Now that I’ve overcome many self-imposed mental obstacles, I feel more freedom to just enjoy fitness. I’ve found myself researching different niche areas of fitness I may want to focus on. It will take time and experimentation to determine what I want to specialize in, and it may even change and evolve. For now, I’m trying some Pilates routines and getting outside to run again now that the weather is milder and I’m finally over my fourth or fifth cold this past flu season, ugh. I like the concept of your body being your gym and also am interested in prehab and corrective exercises to reduce the chance of injuries. The reason I decided to pursue personal training was because of the success I had in treating and resolving my back pain. Lots to explore and lots to be excited about. 🙂

Kickstarting and Habit Stacking

As I explained in my last post, The Boredom Dilemma, I detest being bored. The reason for the gap of three weeks since that post and this one is that boredom has been getting the better of me and interfering with my blogging and exercise habits. However, this past week I tried something completely new in my routine, a FitOn workout challenge. FitOn is a free exercise app that allows you to choose different workouts or challenges based on the time and intensity of the workout. I saw a challenge named the 10-day Kickstarter, which claimed that if you were looking to reignite your fitness motivation, this was the challenge for you. I saw the words reignite and motivation and first thought, has this app been spying on me? But the part of me that wanted a fiery, blazing reset on my habits won out against the part of me that thinks the machines are out to get us all and rule mankind. (I have watched all the Terminator movies way too many times, I know. Nevertheless, I still refuse to talk to my phone or TV clicker.)
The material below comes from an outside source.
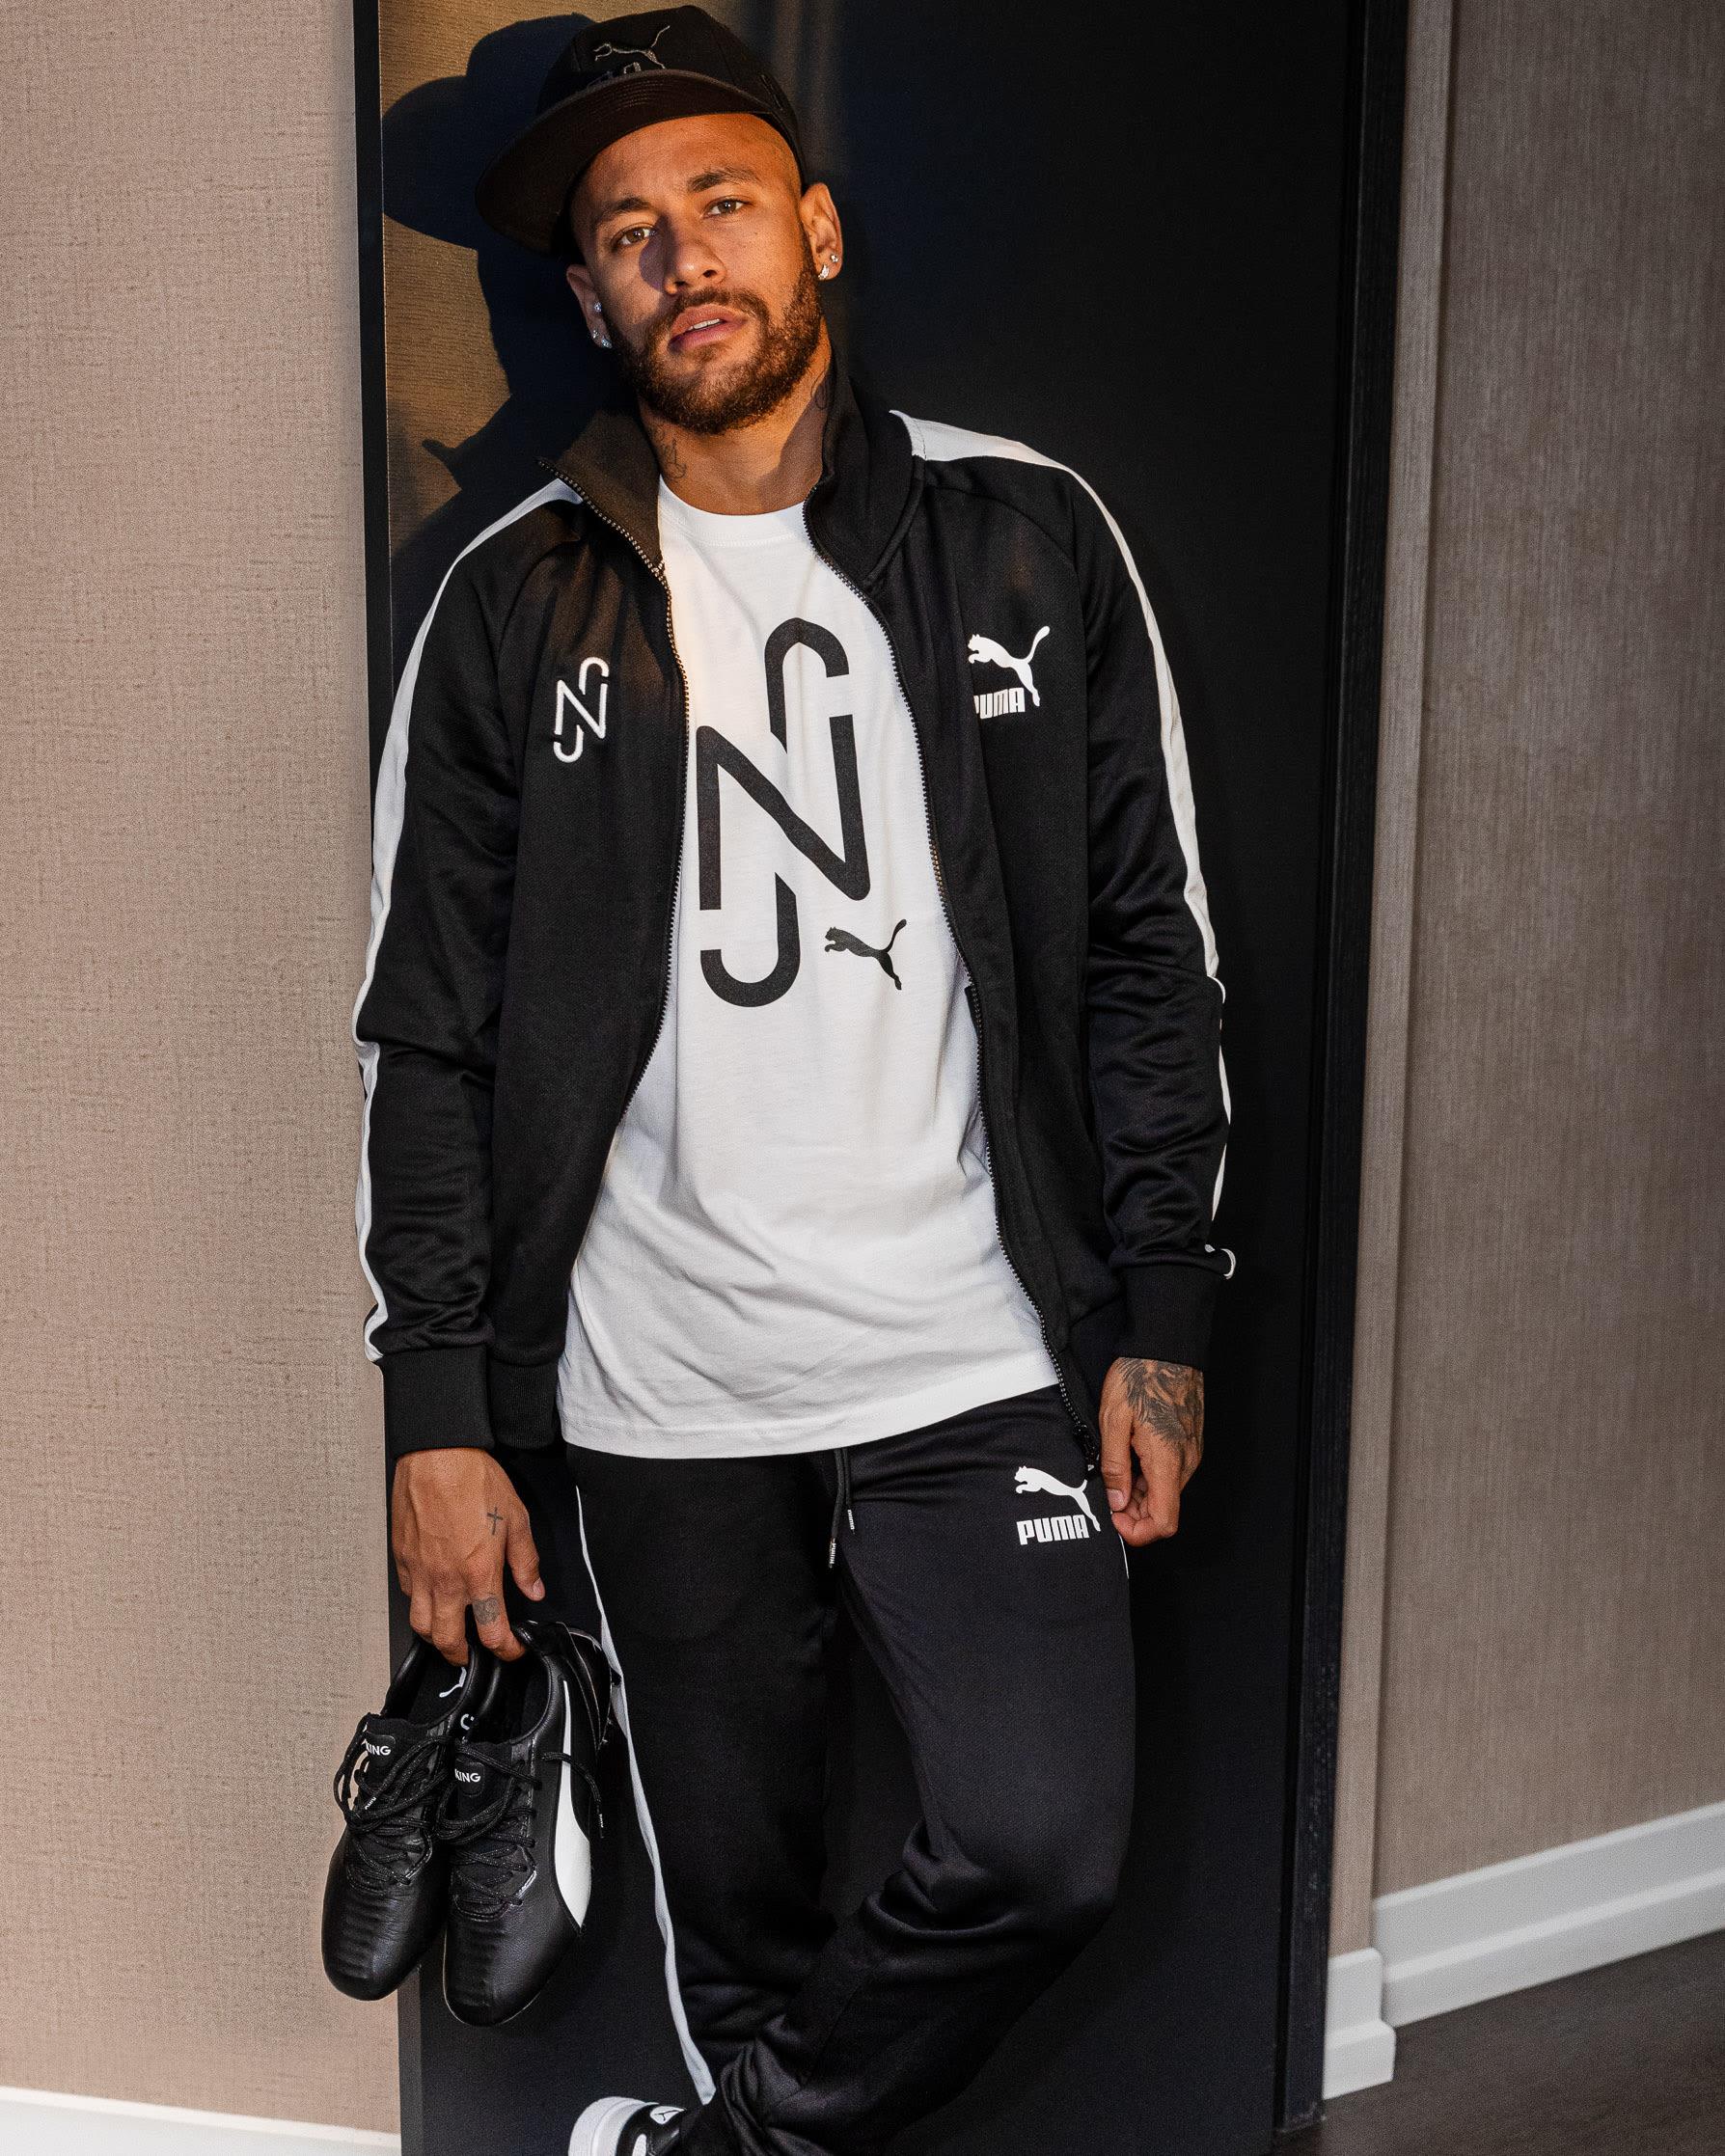 Neymar Puma Endorsement Deal

The ten workouts in the challenge are at just the right level for me. You definitely break a sweat, but they are not so long or intense that you want to quit midway through. It also incorporates a few days of active recovery with yoga and stretching. So basically, it has the Goldilocks seal of approval. Right now, I have six workouts down and four to go. What I like best about the challenge is working out with a different trainer each night and learning new exercises. It is amazing how small arm movements can make for such a hard workout. One exercise, called praying pulses, has you put your arms together as if you were praying with your arms raised so that the elbows are at about chin level and then lift them in that position until the elbows are at about nose level. After about ten seconds you can feel it in your shoulders even though you are hardly moving. There was one longer routine that was really difficult for me because it was all strength moves for 25 minutes with no breaks. I struggled to keep up with the trainer throughout the whole routine, but rather than steer clear of that trainer or routine, I want to use it as a measure of progress and try it every so often to see if I can keep up better with more practice.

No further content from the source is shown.